### Exercise objective:
Only the pictures are dropped. Restate each line below word for word.

### Dataset section:
_ _ _ _

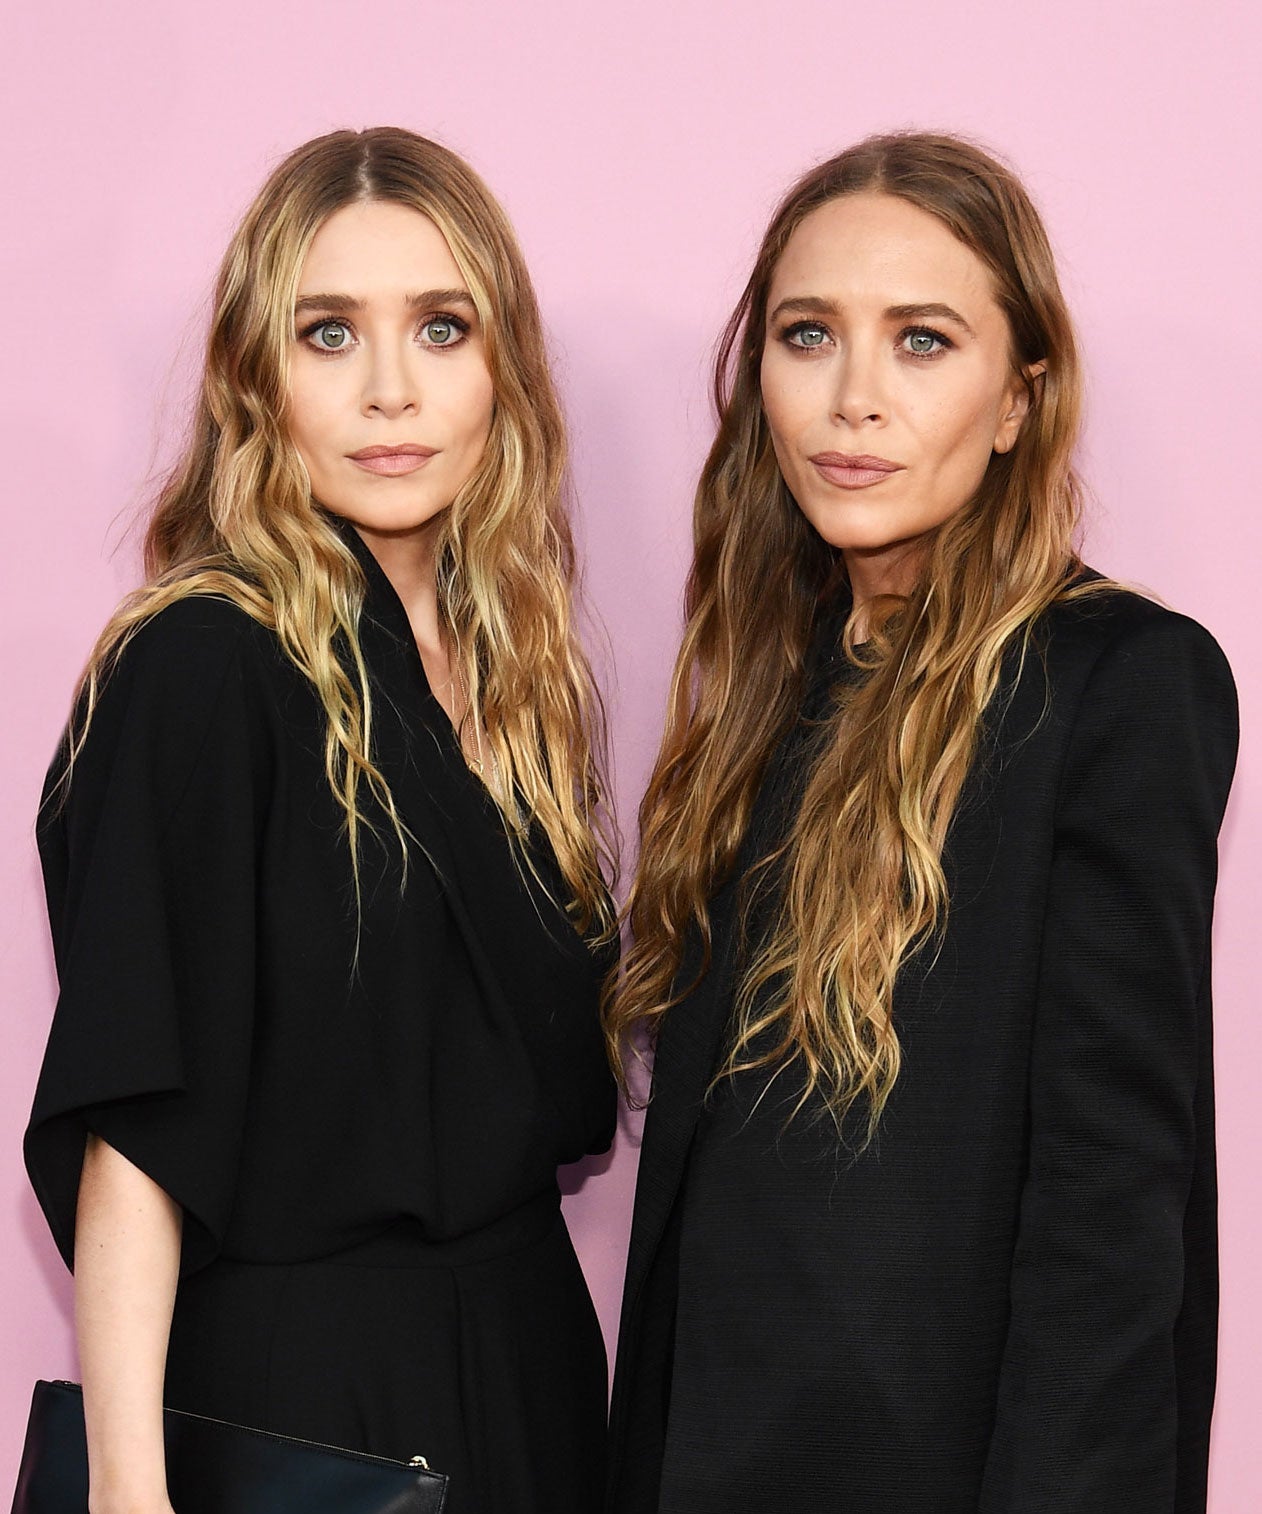 The Olsen Twins Are The Masters Of Quarantine Style
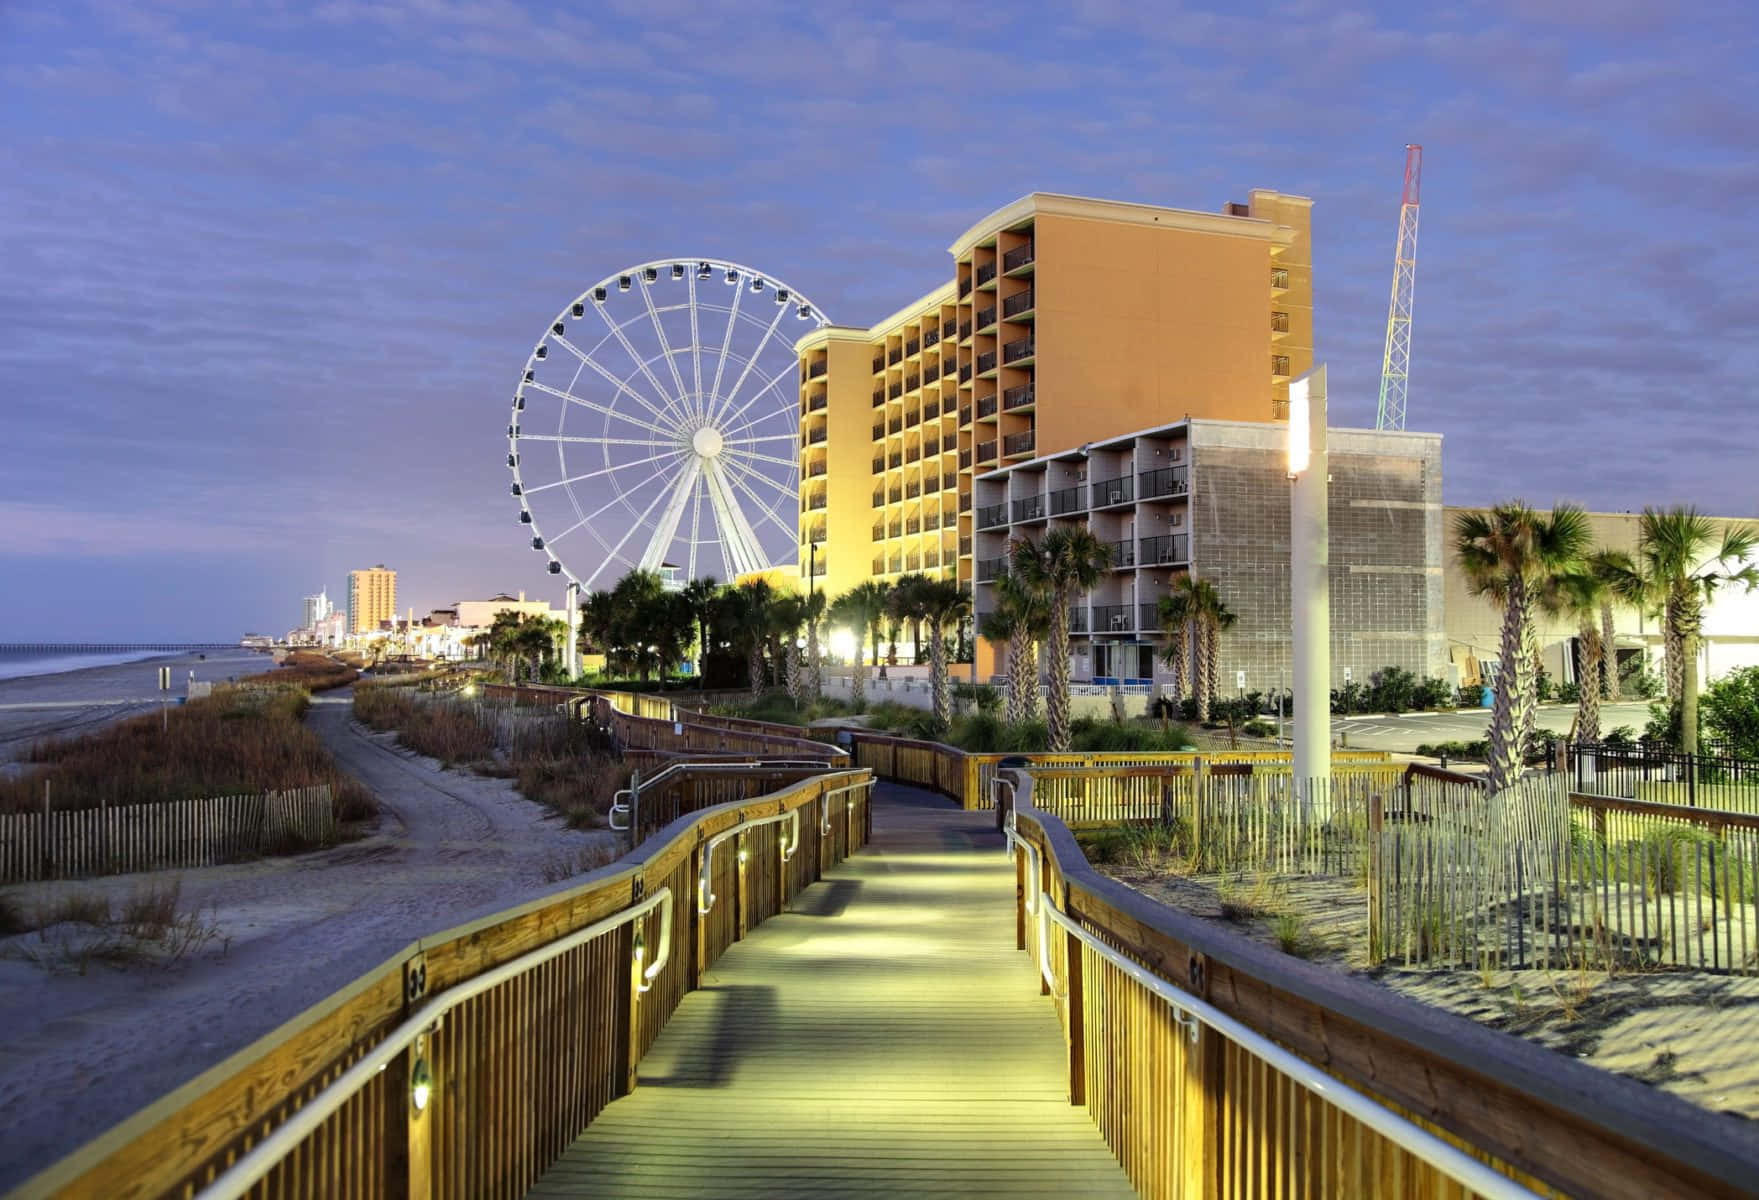 A Walkway Leading To The Beach And Ferris Wheel
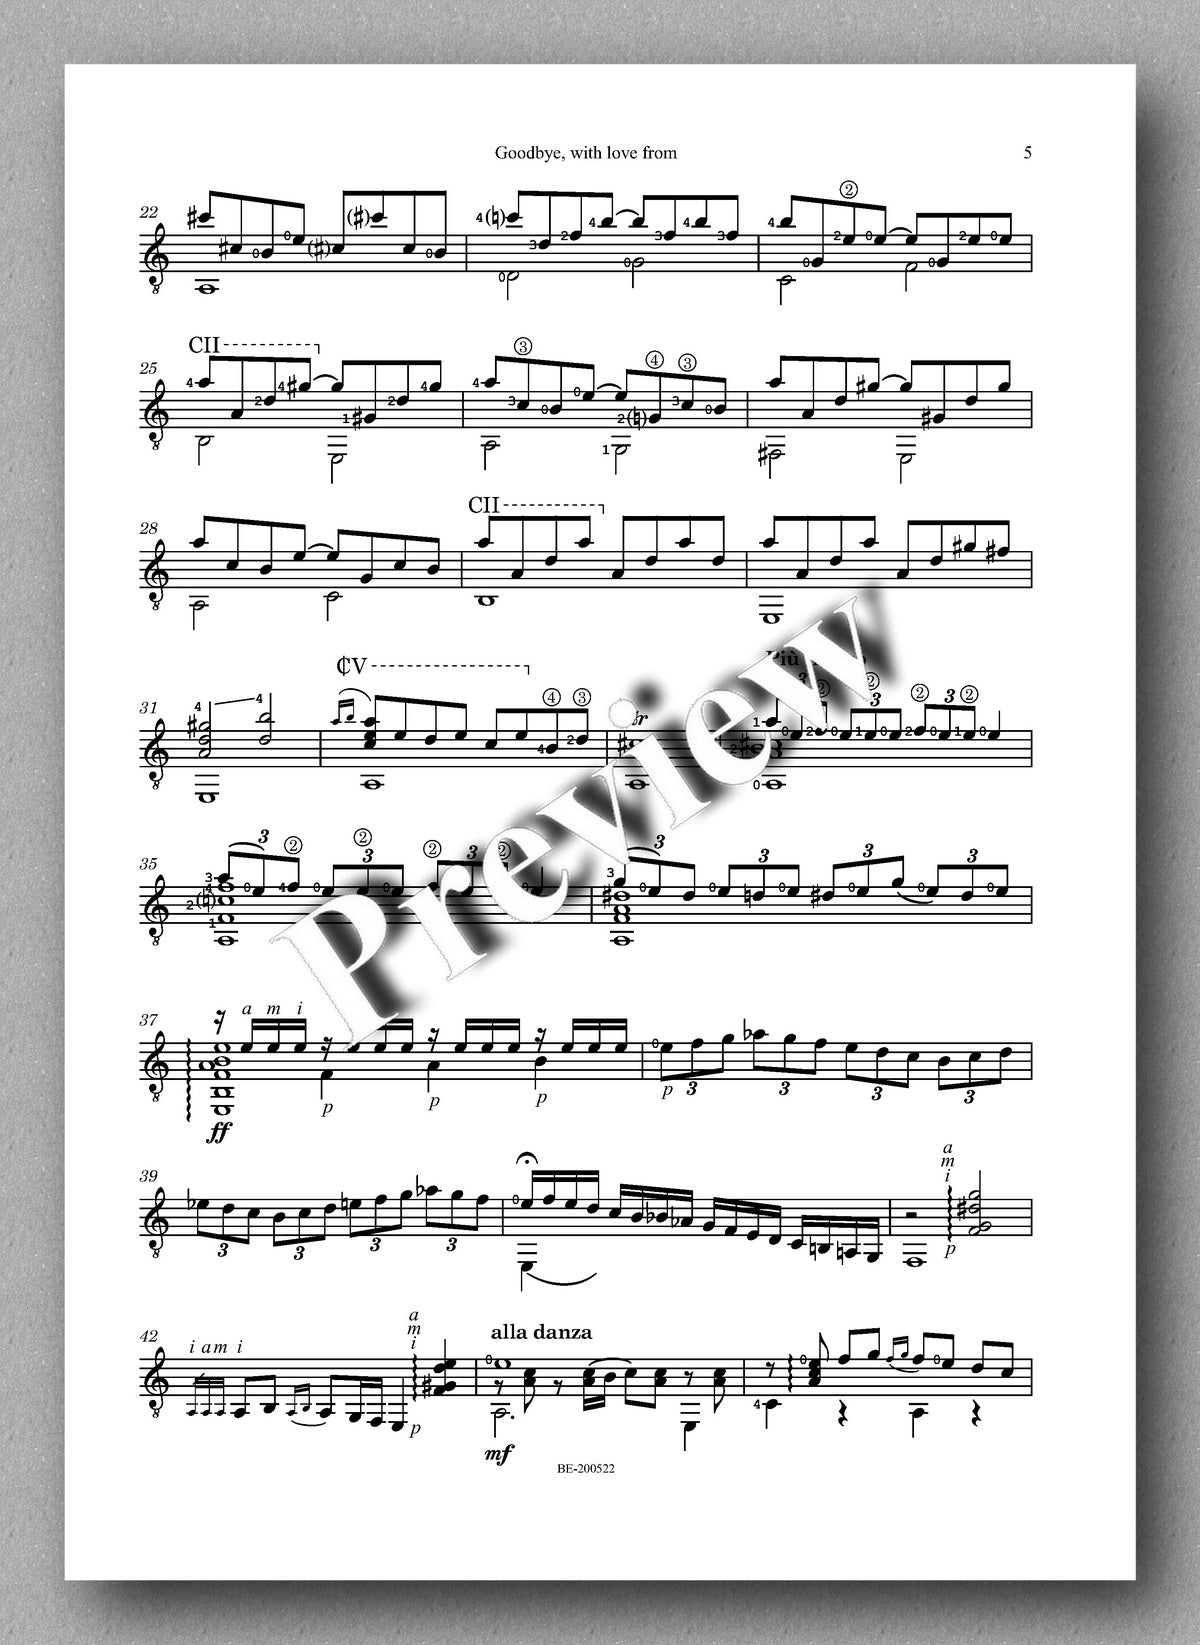 Kirill Voljanin, Goodbye, with love from - preview of the music score 2

_ _ _ _

### Task response:
 The Olsen Twins Are The Masters Of Quarantine Style
 A Walkway Leading To The Beach And Ferris Wheel
 Kirill Voljanin, Goodbye, with love from - preview of the music score 2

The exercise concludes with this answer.